**SUPPLIED MATERIAL**
►

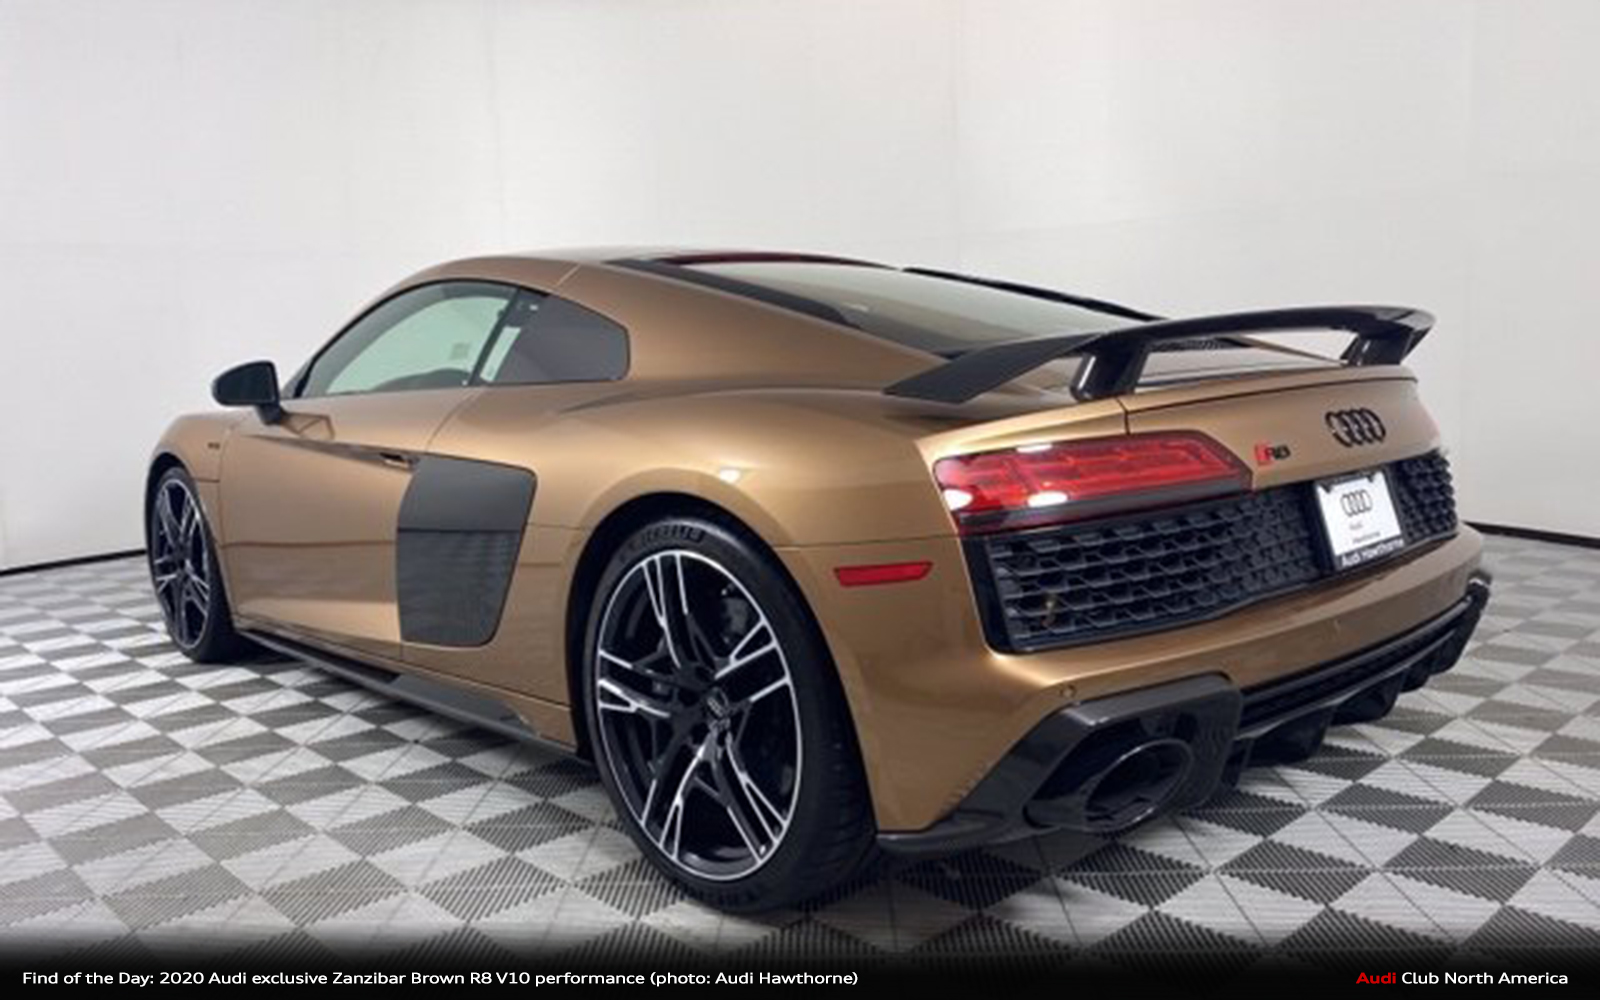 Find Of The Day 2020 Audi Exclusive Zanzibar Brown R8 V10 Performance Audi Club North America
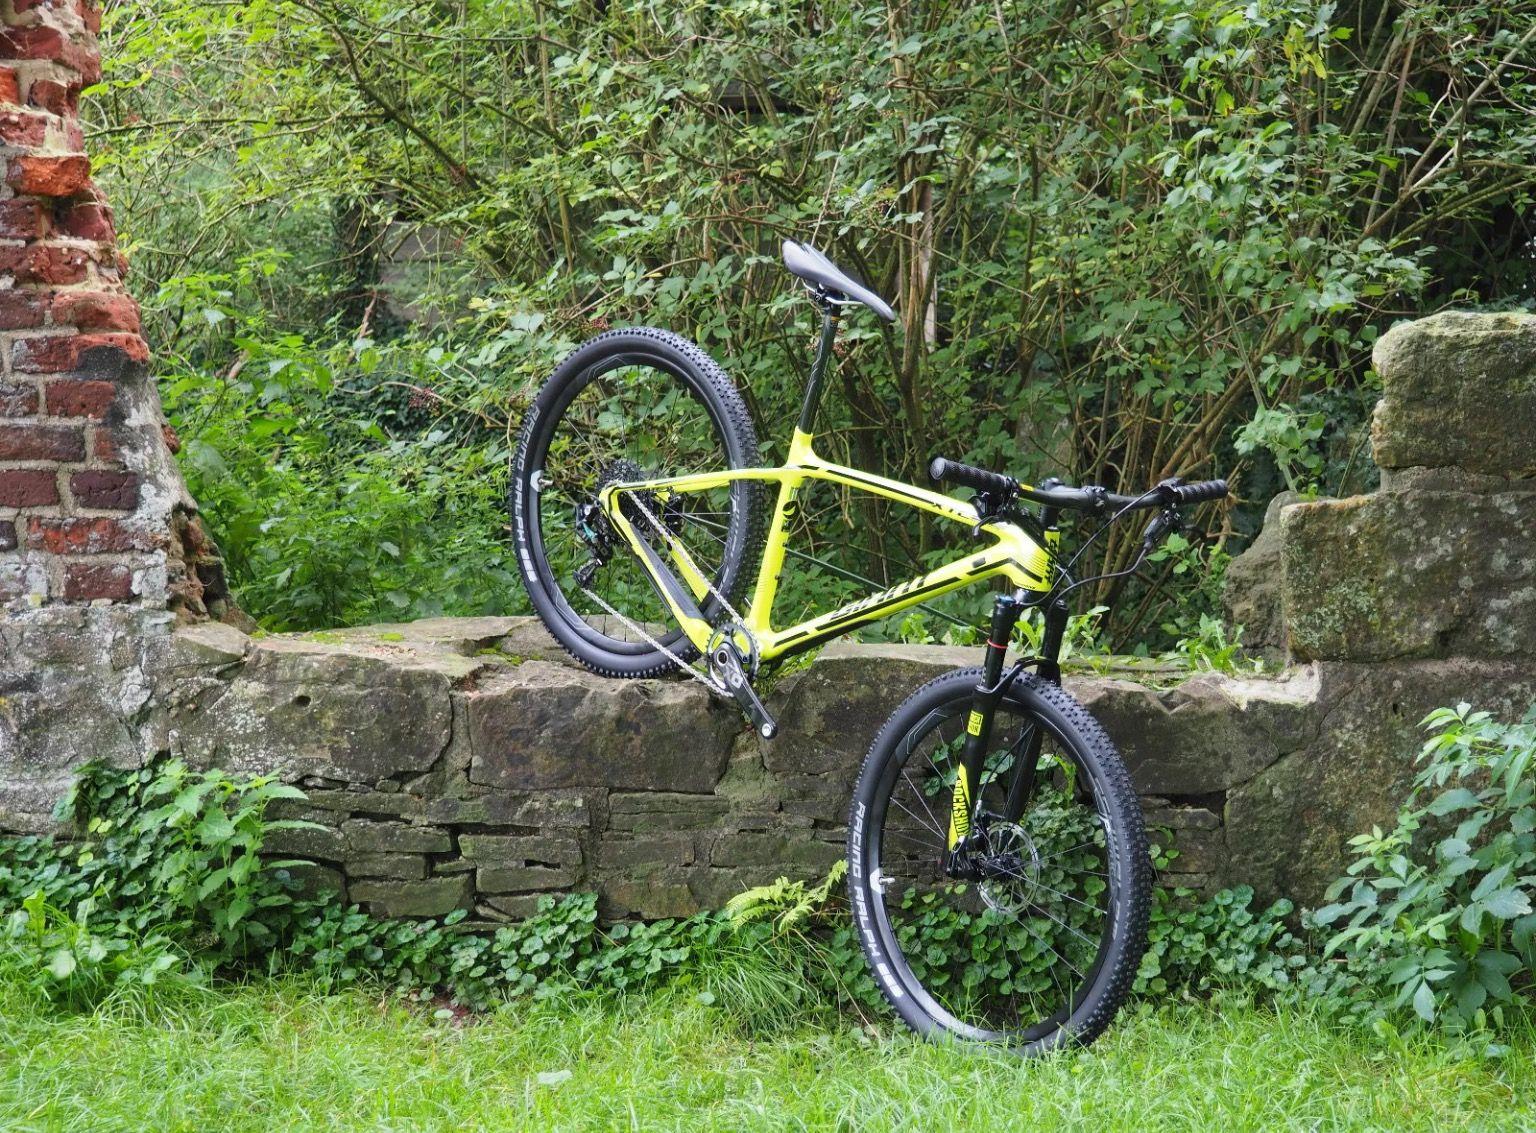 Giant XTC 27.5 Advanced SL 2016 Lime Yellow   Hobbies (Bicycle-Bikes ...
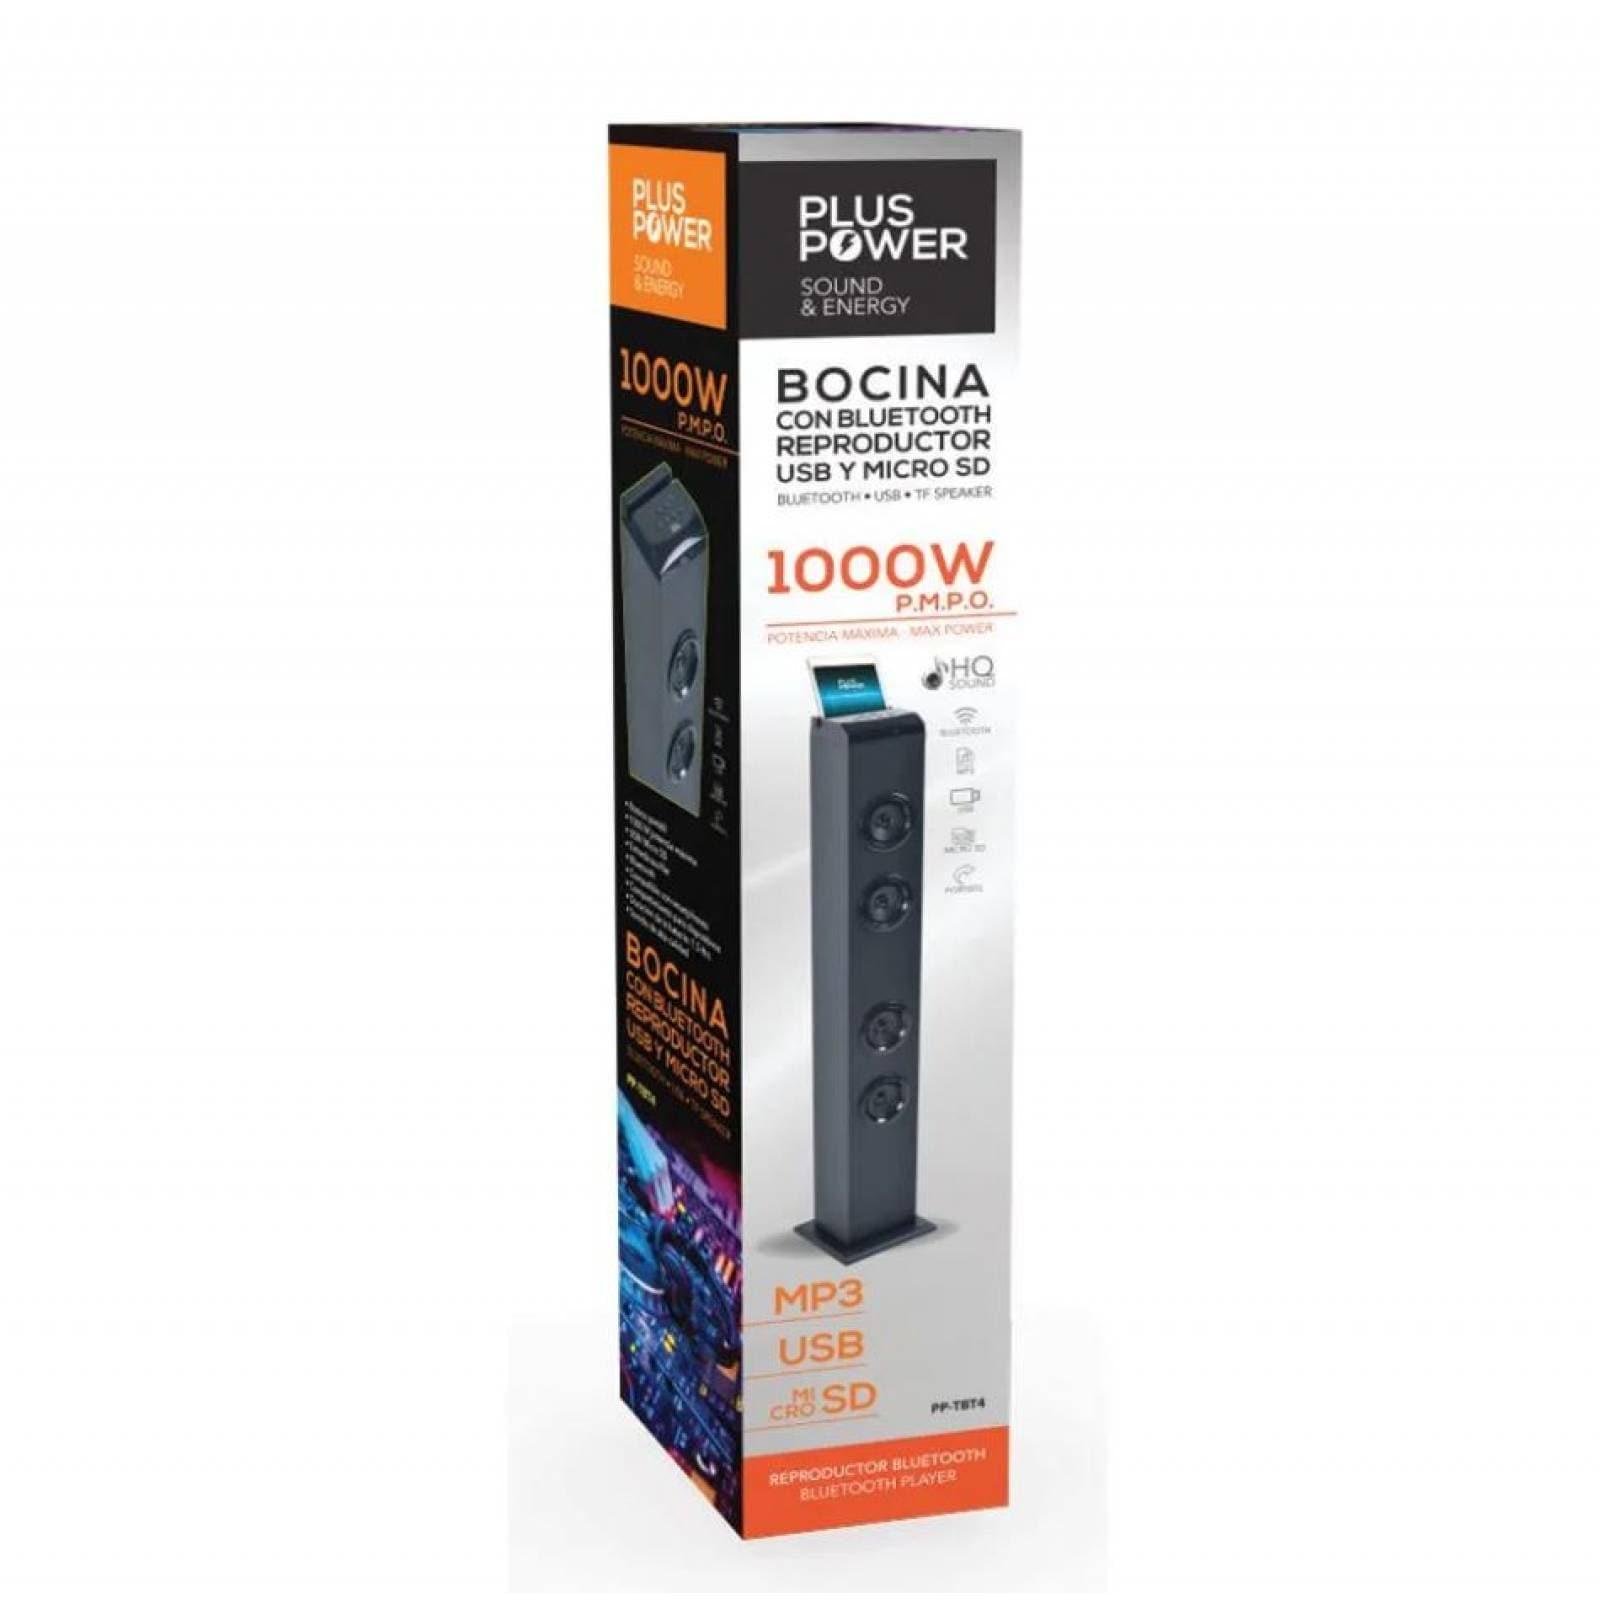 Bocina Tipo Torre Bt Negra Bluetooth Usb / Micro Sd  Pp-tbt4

◄

**EXERCISE DETAILS**
Retype all the data exactly; skip the pictures.

**REPLY**
 Find Of The Day 2020 Audi Exclusive Zanzibar Brown R8 V10 Performance Audi Club North America
 Giant XTC 27.5 Advanced SL 2016 Lime Yellow   Hobbies (Bicycle-Bikes ...
 Bocina Tipo Torre Bt Negra Bluetooth Usb / Micro Sd  Pp-tbt4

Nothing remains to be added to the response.